Marijuana may have beneficial effects on pain control, appetite, mood, and management of other chronic symptoms15,16. Our findings suggest that occasional use of marijuana for these or other purposes would not have significant adverse consequences on pulmonary function. It is more difficult to estimate the potential effects of regular heavy use, as this pattern of use is relatively rare in our study sample; however, our findings do suggest an accelerated decline in pulmonary function with heavy use, and a resulting need for caution and moderation when marijuana use is considered.

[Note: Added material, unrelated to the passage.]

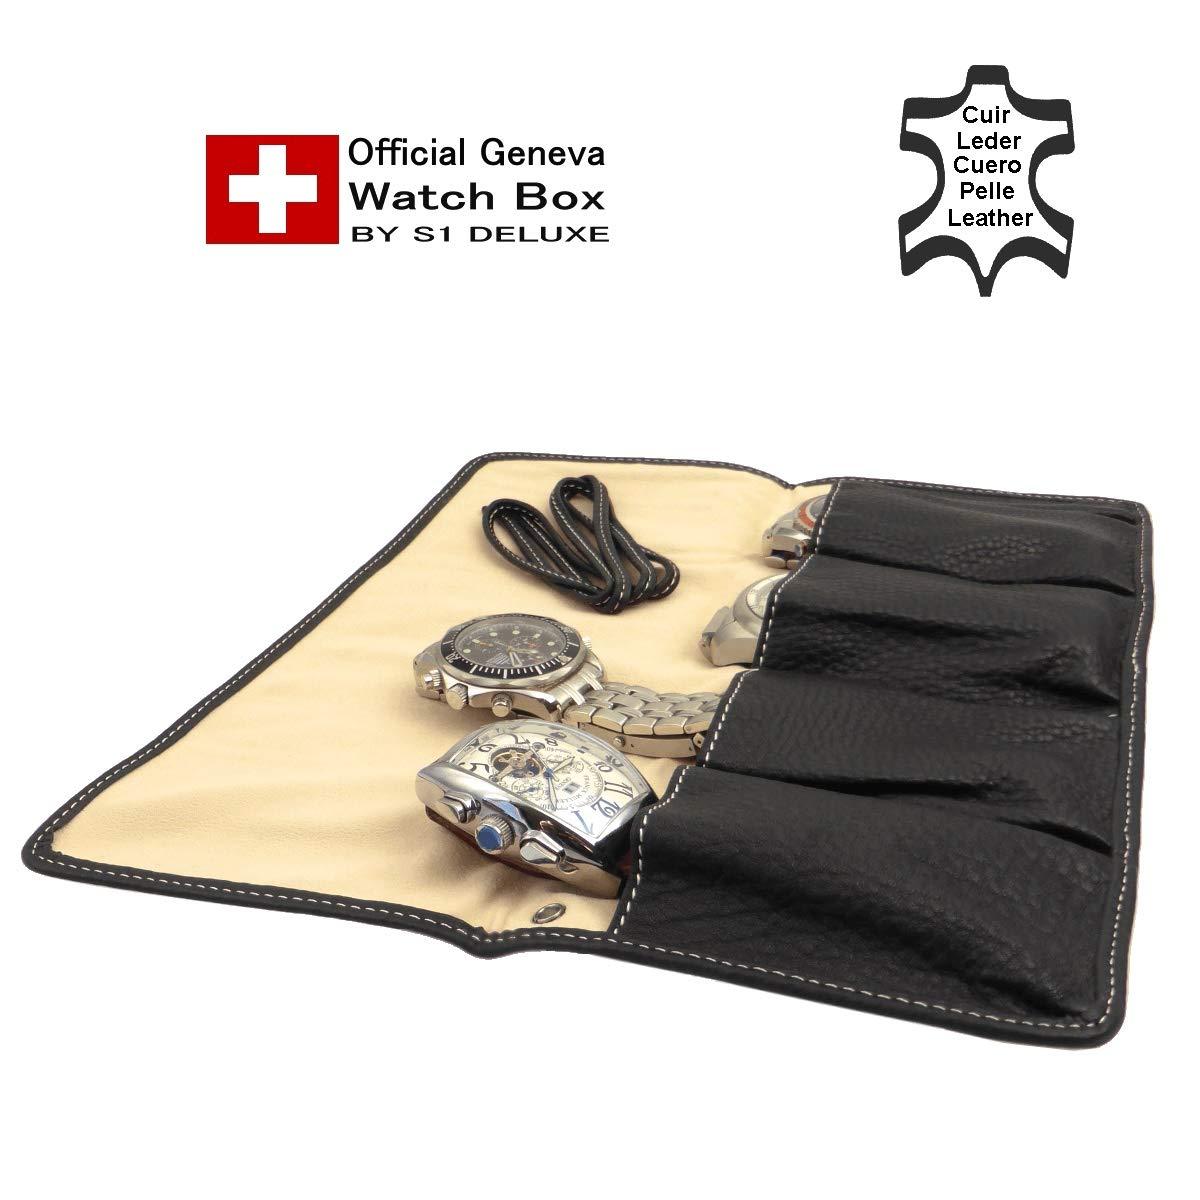 Official Luxowa Schwarzen Top Uhrenrolle Geneva In LederZur Soften 54jRLc3Aq

This work was supported by the National Institute on Drug Abuse (R01-DA-025067) and the National Heart, Lung and Blood Institute (N01-HC-95095 and N01-HC-48047). NHLBI helped design CARDIA and funds data collection, supports a Publications and Presentations Committee that reviews and approves all publications, and provides a representative that sits on that committee, but does not otherwise control publication. NIDA funded this analysis but did not participate in CARDIA or review this manuscript.
Dr. Sidney helped lead data collection for CARDIA, Dr. Kertesz obtained funding for this analysis, Dr. Vittinghoff developed and helped implement the statistical methodology, and Dr. Pletcher conceived the analysis with Dr. Kertesz, analyzed the data and drafted the manuscript. All authors participated in interpretation of the data and critical review of the manuscript and approved the final draft. Dr. Pletcher had full access to all of the data in the study and takes responsibility for the integrity of the data and the accuracy of the data analysis.
Dr. Kalhan has served as a consultant for Boehringer-Ingelheim, Forest Laboratories, and AstraZeneca; has received honoraria for lectures from GlaxoSmithKline and AstraZeneca; has received honoraria for development of educational materials from Quantia Communications and Medscape Education; and has received industry-sponsored grants from GlaxoSmithKline and Boehringer-Ingelheim. Dr. Kertesz chaired a committee that advised the Drug Treatment Task Force for the Chief Justice of the State of Alabama. Dr. Kertesz is currently an employee of the Department of Veterans Affairs; views expressed in this manuscript do not reflect positions of either the Department of Veterans Affairs or any other entity of the federal government.
Besides the federal funding listed above, the authors have no other conflicts of interest to report.